Мария Королева. Художники и труд все перетрут

Мария Королева посмотрела первую часть о труде выставки «Перерыв 15 минут» и рассуждает о ее юридическом аспекте: «читай договор!»

В Музее декоративно-прикладного искусства c 14 августа по 20 сентября проходит первая часть выставочного проекта центра Research Arts под кураторством Кристины Романовой и Наиля Фархатдинова «Перерыв 15 минут», повествующая о трудовых отношениях, краеугольном камне потерявшего сегодня опору и хаотичного социального реализма. Думаете, все так просто с дискурсивной рамкой вокруг труда? Как бы не так! Громче всех говорящая о нем художница и теоретик Хито Штейерль 1была не права целых два раза. Сначала она сказала, что реалии труда легко понять, глядя на сферу искусства. С одной стороны, она в полном согласии с марксистской традицией диагностировала обреченность каждого непривилегированного человека на отчужденный труд, а с другой — как советские теоретики производственничества и в отличие от других марксистских теоретиков искусства назвала его трудом. Художнику, по Штейерль, только и остается, что взглянуть на собственный убогий быт в съемной коммуналке, бесплатную пахоту на институции искусства и постоянные подработки, пока не придет вдохновение создать релевантную всей ситуации труда работу.

«Перерыв 15 минут», вид экспозиции. Фото: Владимир Яроцкий, ©Research Arts

Штейерль признает, что искусство как результат отчужденного труда не может производить ничего иного, кроме информационной поддержки главенствующей идеологии. Как подытожила нечто похожее поэтесса Одри Лорд: «Инструменты хозяина никогда не разрушат хозяйский дом» 2. Пряжа и кружева современниц Маркса, эссе и видео современниц Штейерль выполняли и выполняют в капиталистической системе однозначную функцию — материализуют статус тех, у кого есть деньги. И если бы искусство было трудом, то, как мы видим по протестной политике в Белоруссии, только отказ от труда имел бы потенциал что-то изменить и надо было бы просто объявить искусству бойкот. Понимая, что следование авангарду советской критики при развитом капитализме заводит ее в тупик, Штейерль попадает из огня да в полымя: пишет в следующем, 2011 году, что нет, все-таки искусство — не труд, а «род занятий»3. Но и труда больше нет, все в нашем мире теперь — этот самый род занятий. Художники запутались вконец. Некоторые из них решили, что искусство — это труд, и начали перформить с желтыми рюкзаками, танцевать с бубнами, ставить театральные постановки про то, как сложно жить в мире чистогана.

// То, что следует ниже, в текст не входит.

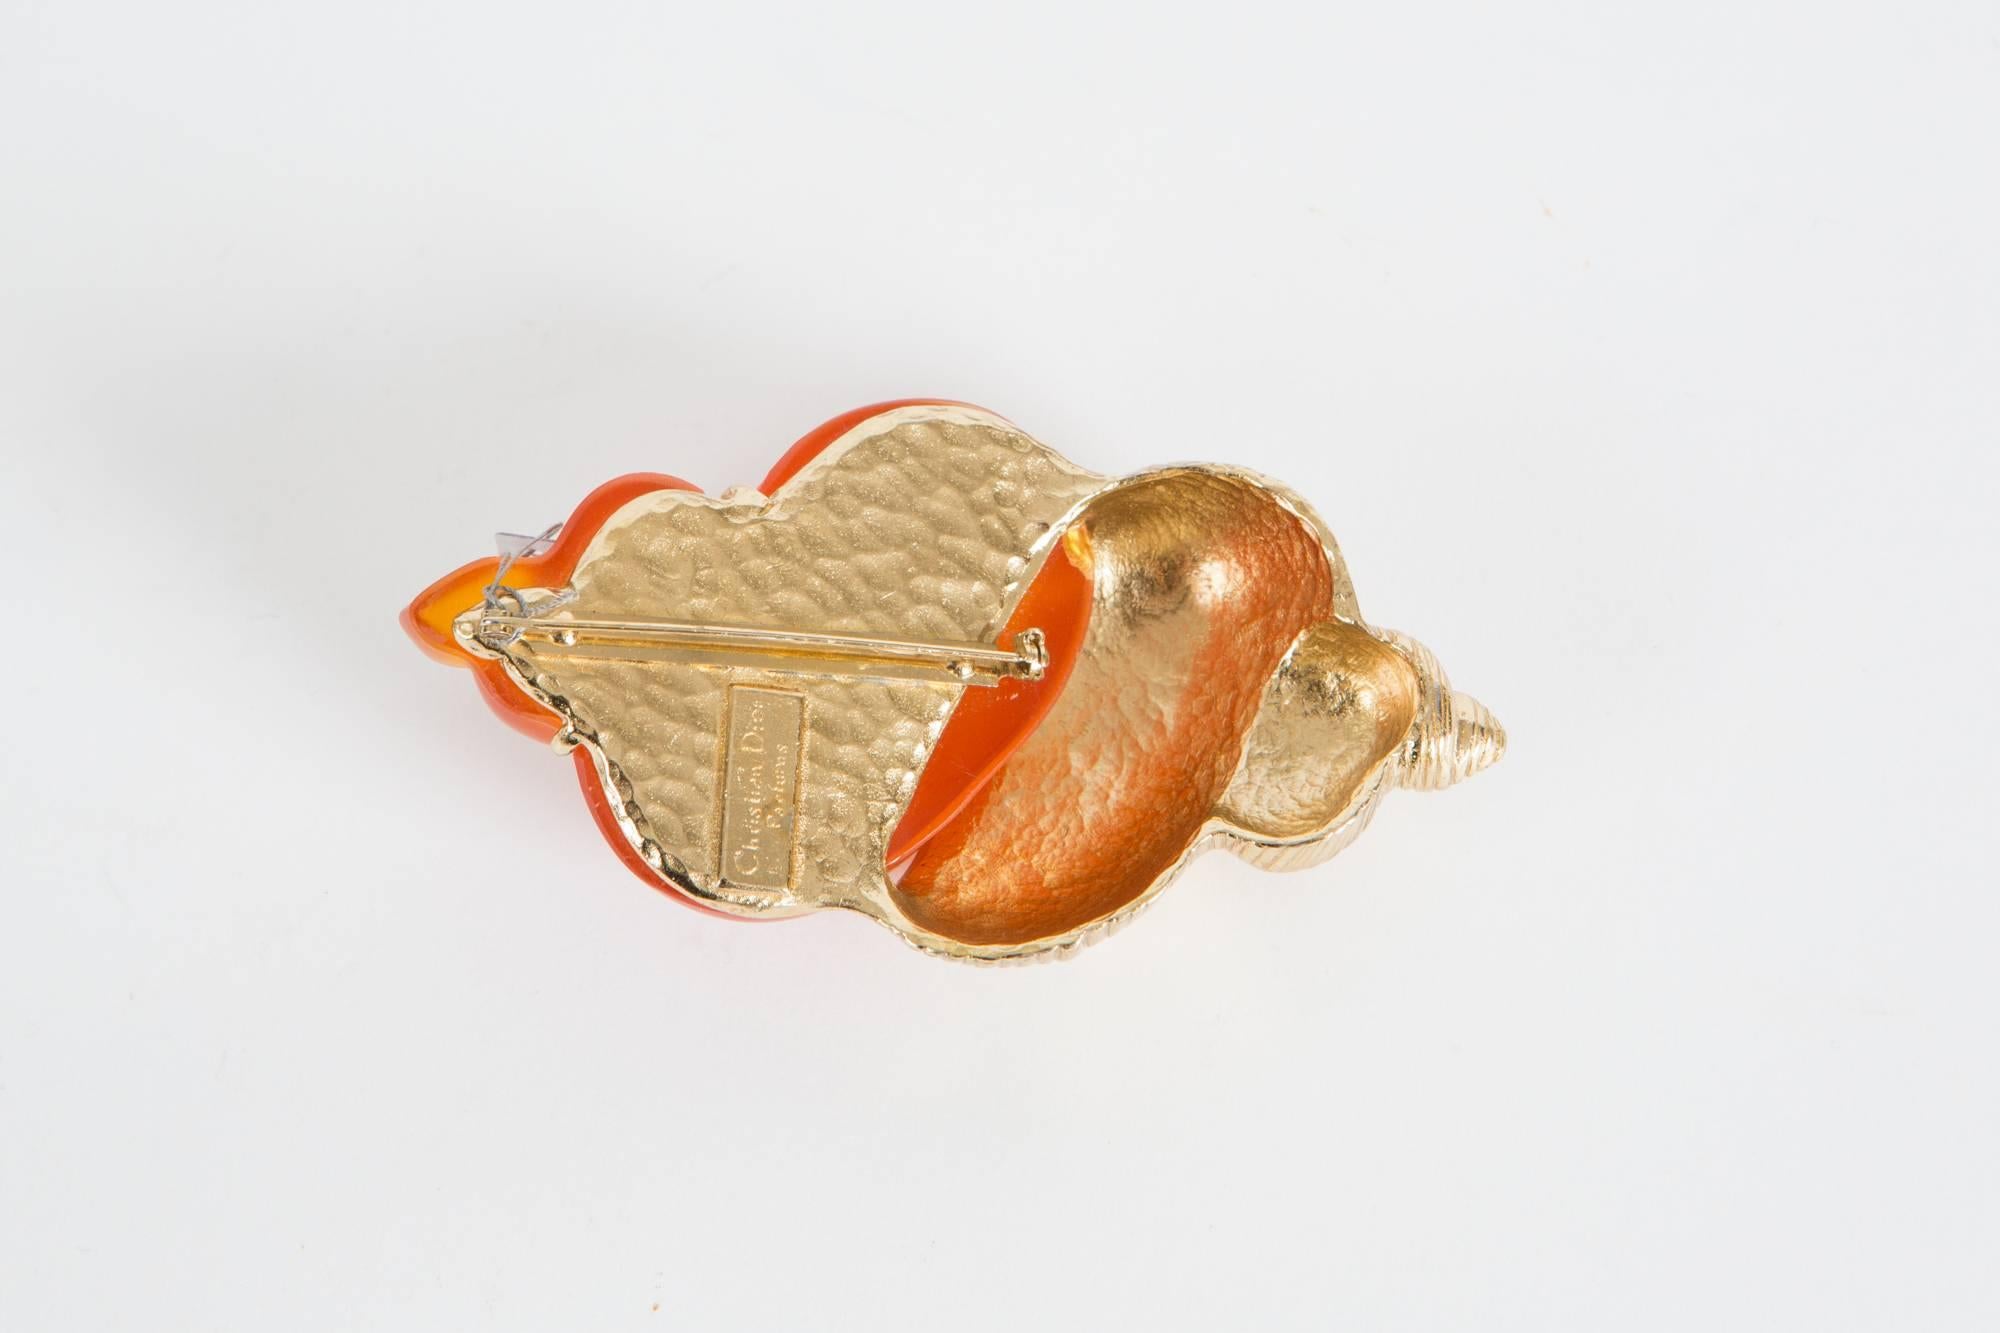 1987 Christian Dior rare brooch created in limited edition by  parurier Robert Goossens for the launch of the perfume

Но таких авторов на этой выставке нет. Здесь художники вернулись к переосмыслению дистанции между трудом и искусством. Так поступает Анна Ротаенко в видеоэссе «Лакшериат». Под видеоряд, напоминающий Ютуб-блог про путешествия и потребление, статисты которого почему-то — московские художники в обстановке не якобы богемной, как это принято среди инфлюенсеров, а богемной, то есть для голи перекатной, Зина Исупова читает монолог о «лакшериате» как новом предреволюционном классе, не вполне работающем и бездарно проводящем свободное время, — зато не менеджеров. «Лакшериат — это сексуально». «Лакшериат — это постпонт». «Мы освобождаем тренды от символической стоимости. Мы освобождаем деньги с кредитки. Мы освобождаем ресурсы системы. Мы не хотим, но освобождаем». Кто-то на экране крутит спиннер носом, с плаката улыбается Иисус, в кастрюле догорает лапша, все танцуют на фоне хостельных шконок. Ротаенко отдает должное авангардной лозунгово-манифестарной форме эссеистики, которую можно увидеть и в работах иностранных художников — например, в фильме «После дефицита» (After Scarcity) Бахар Нуризаде. Но если Нуризаде без стеснения прерывает исследование советского протоинтернета под видеоряд из компьютерной графики возгласами о грядущей утопии, то Ротаенко воспринимает императив идти на художественные баррикады с показной несерьезностью. Она открывает обычного человека, условную жертву Ютуба, в качестве кладущего свою жизнь на то, чтобы стать похожим на представителя богемы (работающего не пойми где, но невозможно крутого), и сама богема в этом ролике находится во власти поддерживаемого Ютубом образа себя, прикрывая эту неприглядную правду модными утопическими лозунгами, стыренными из западного журнала e‑flux.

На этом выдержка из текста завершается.